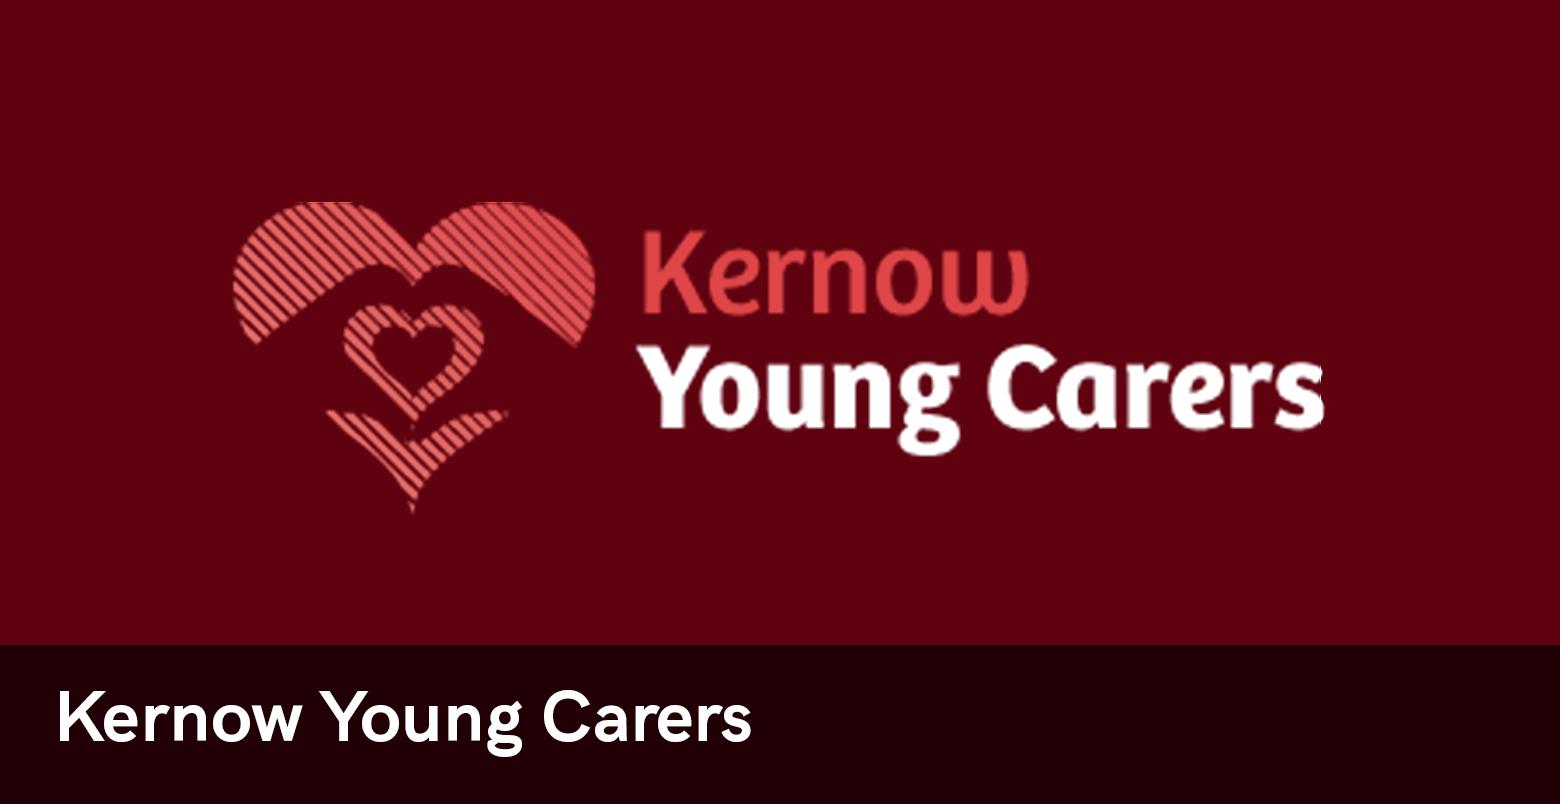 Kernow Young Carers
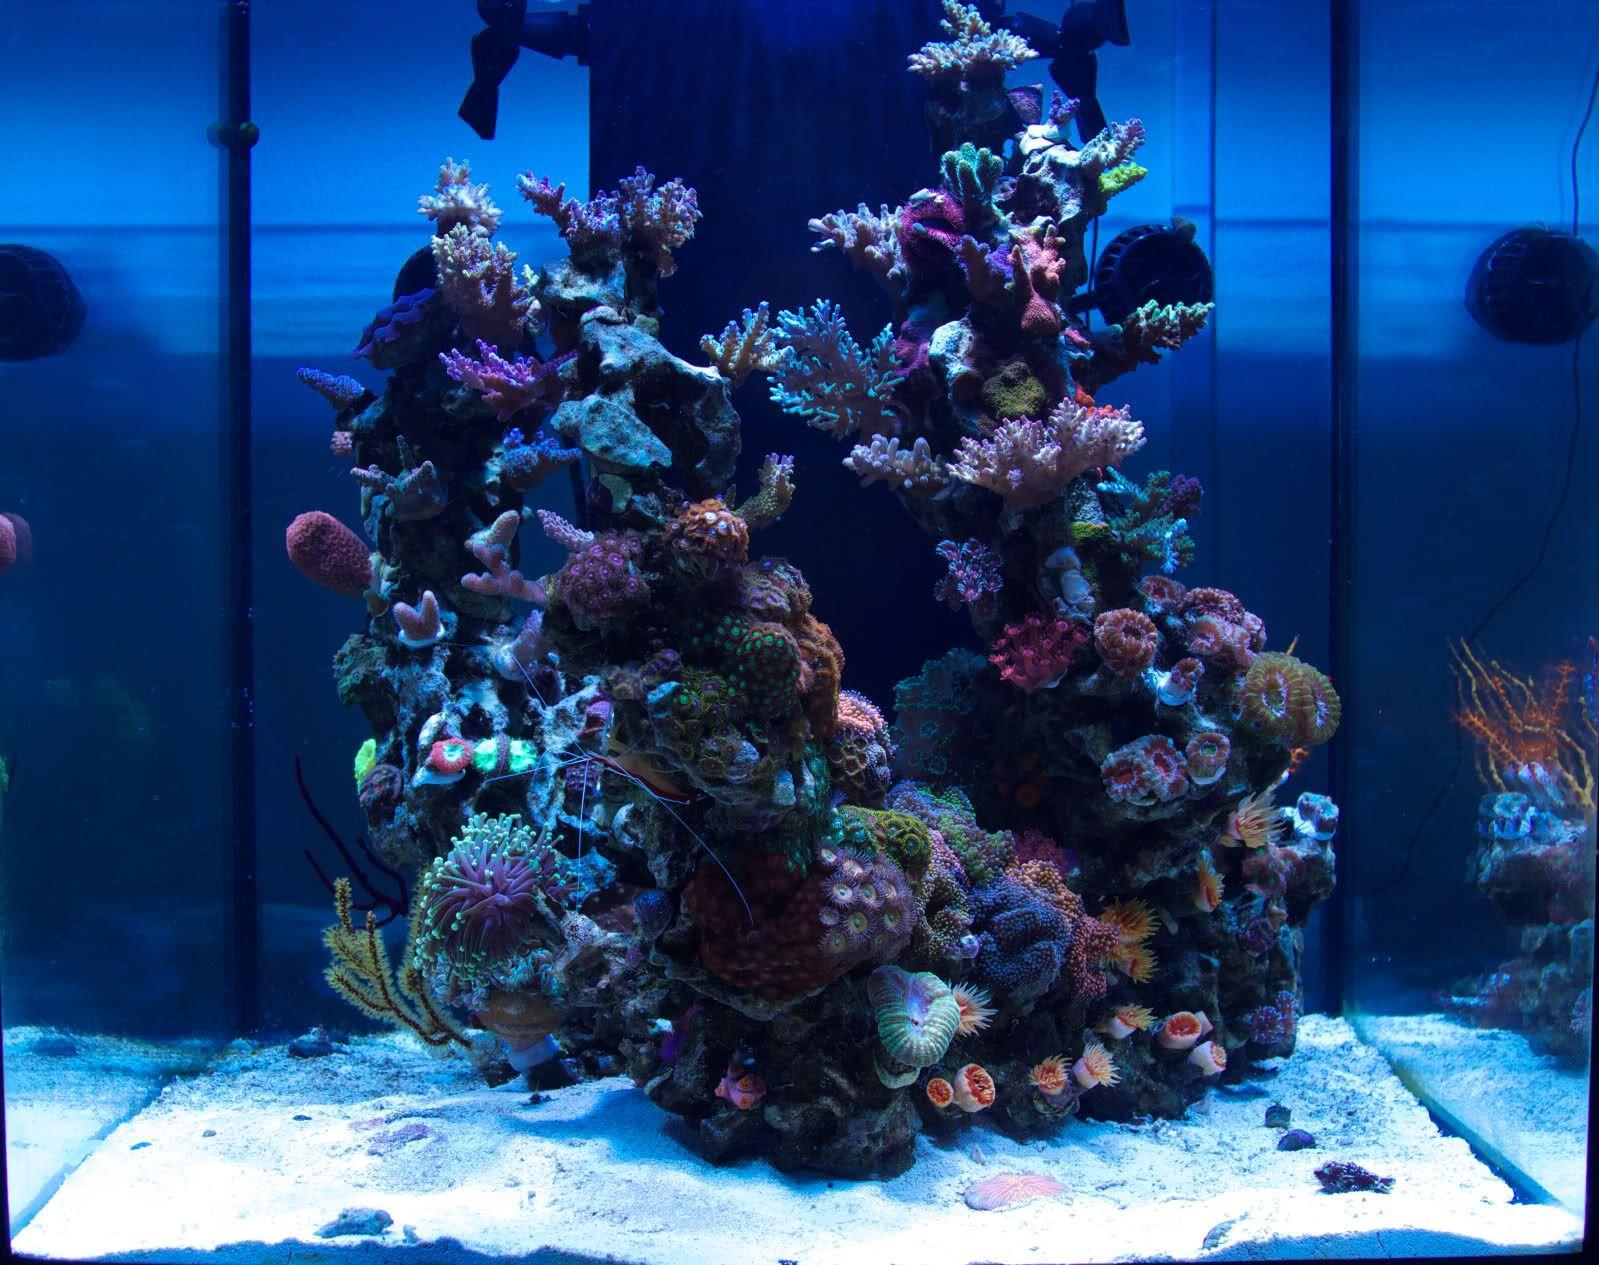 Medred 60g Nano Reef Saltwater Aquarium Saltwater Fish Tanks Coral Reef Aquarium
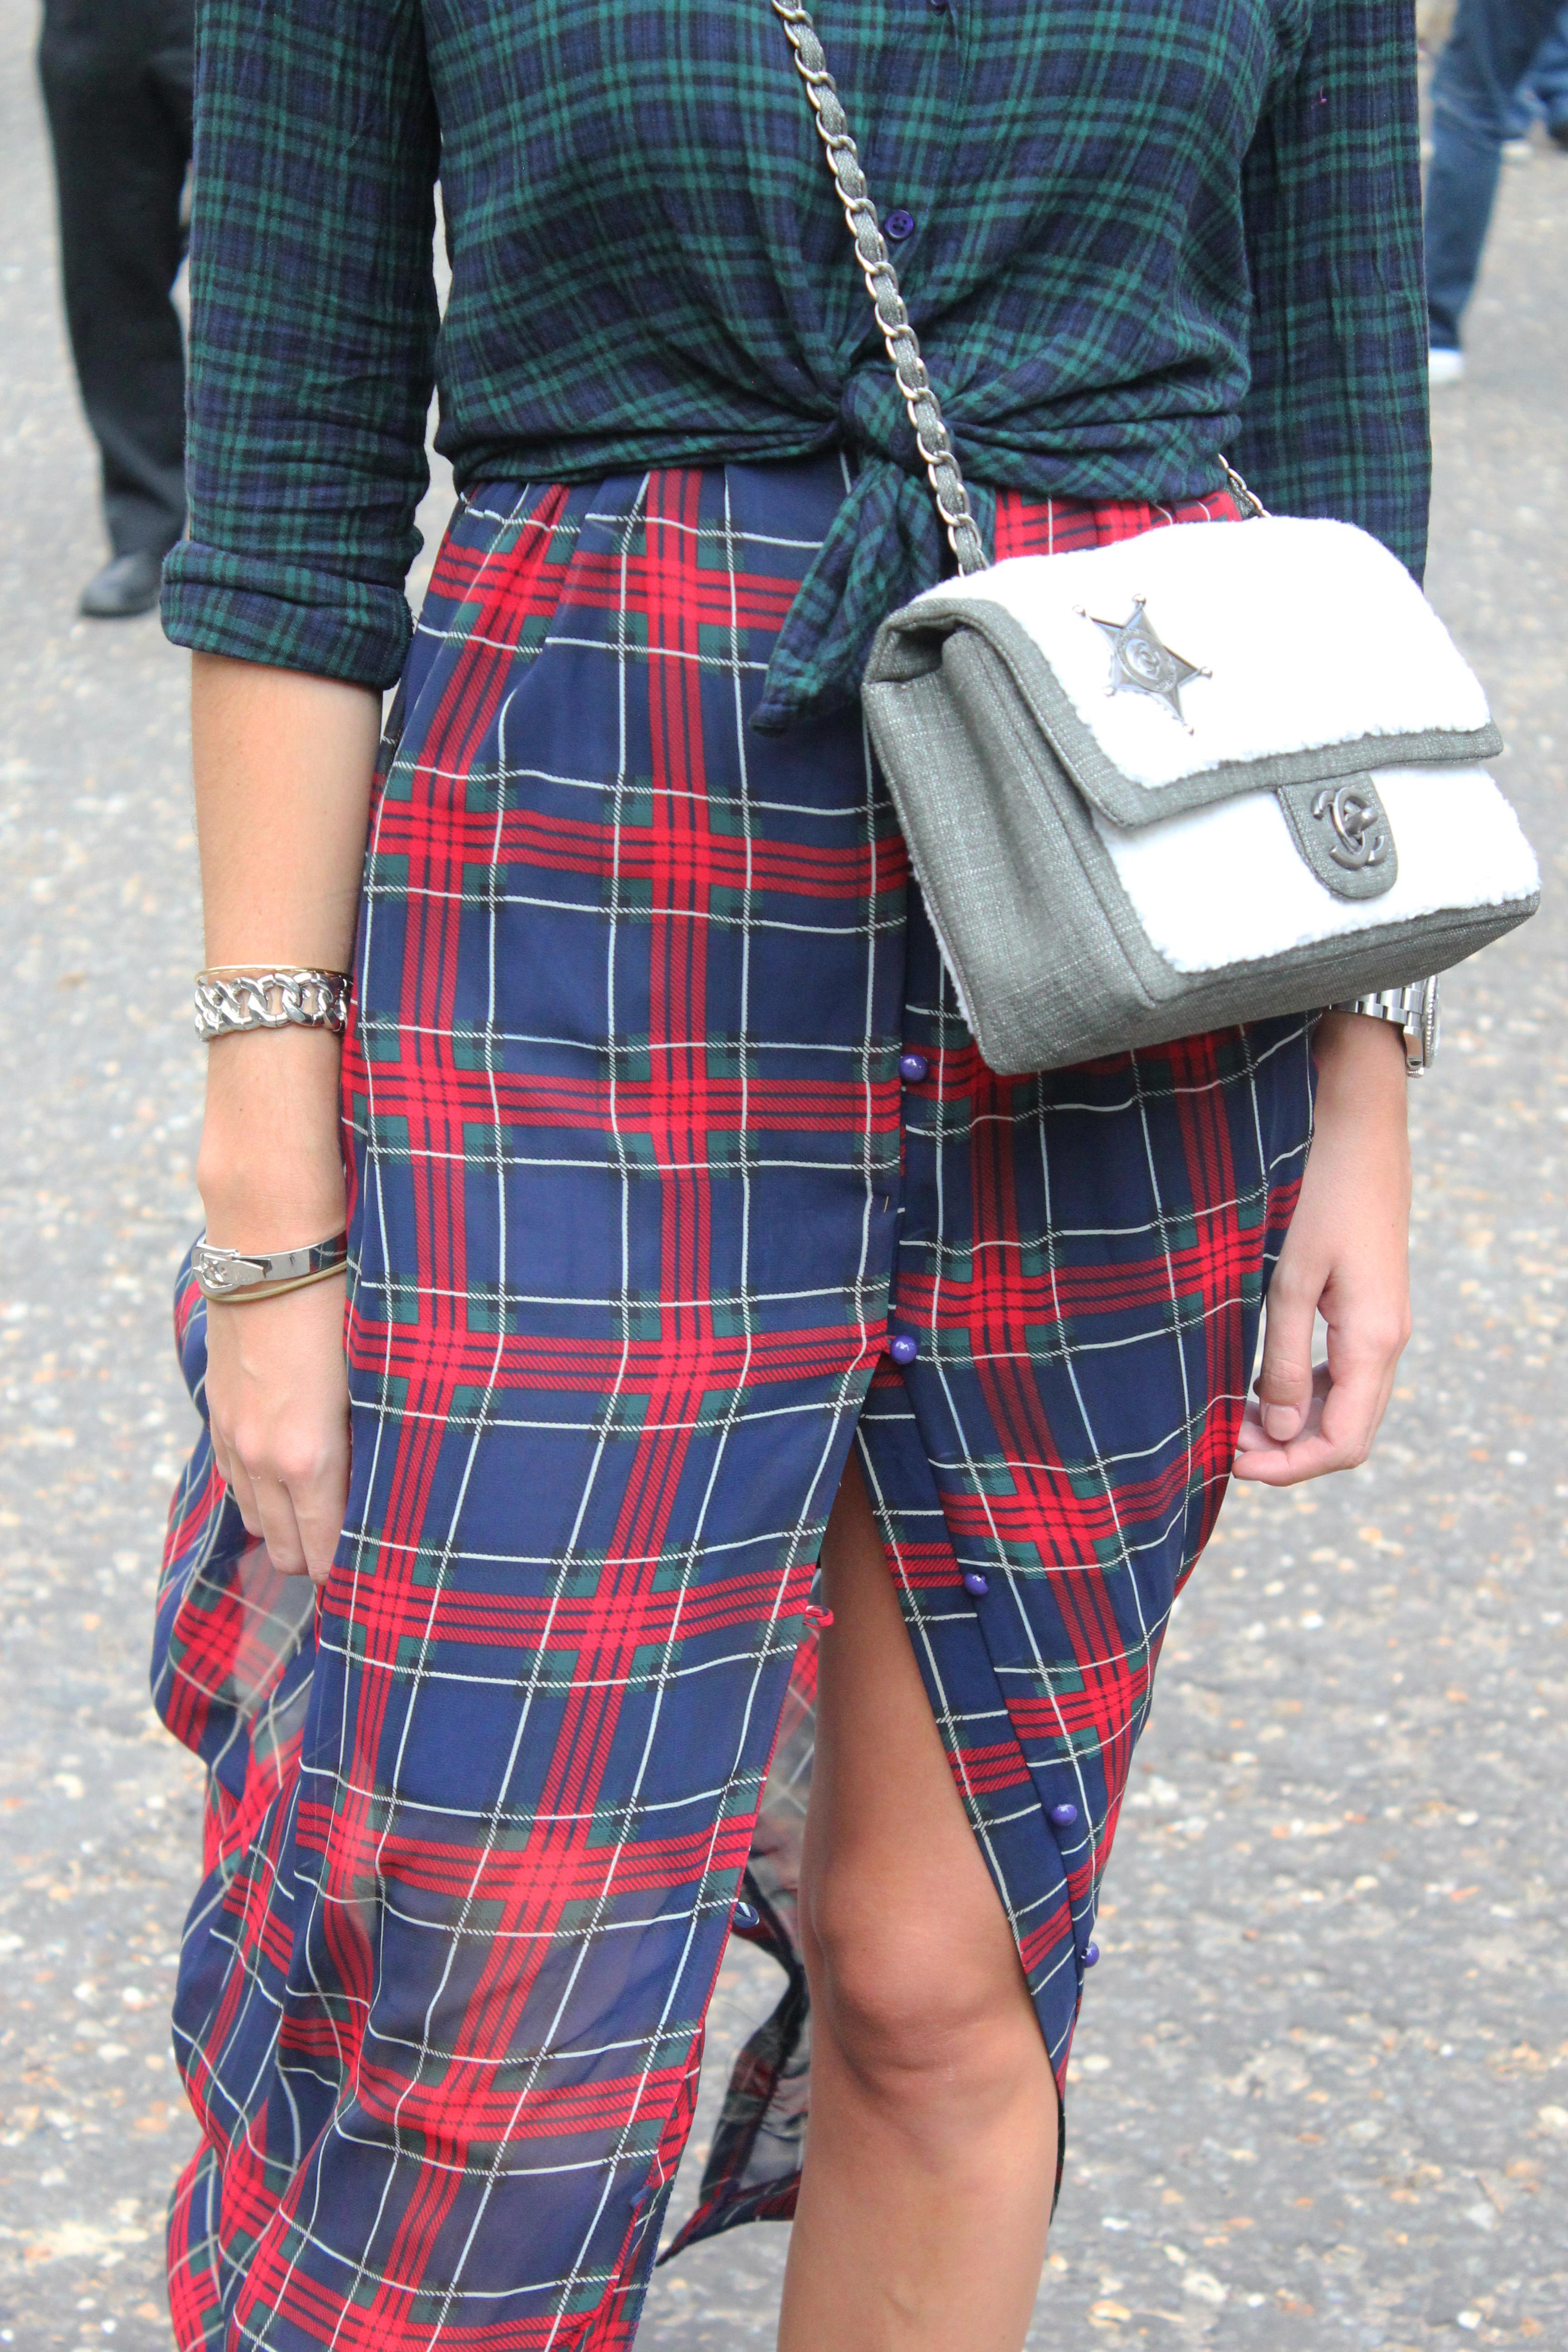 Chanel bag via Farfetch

Task item>
Copy each line of the material above exactly, but not the images.

Exercise solution>
 Kernow Young Carers
 Medred 60g Nano Reef Saltwater Aquarium Saltwater Fish Tanks Coral Reef Aquarium
 Chanel bag via Farfetch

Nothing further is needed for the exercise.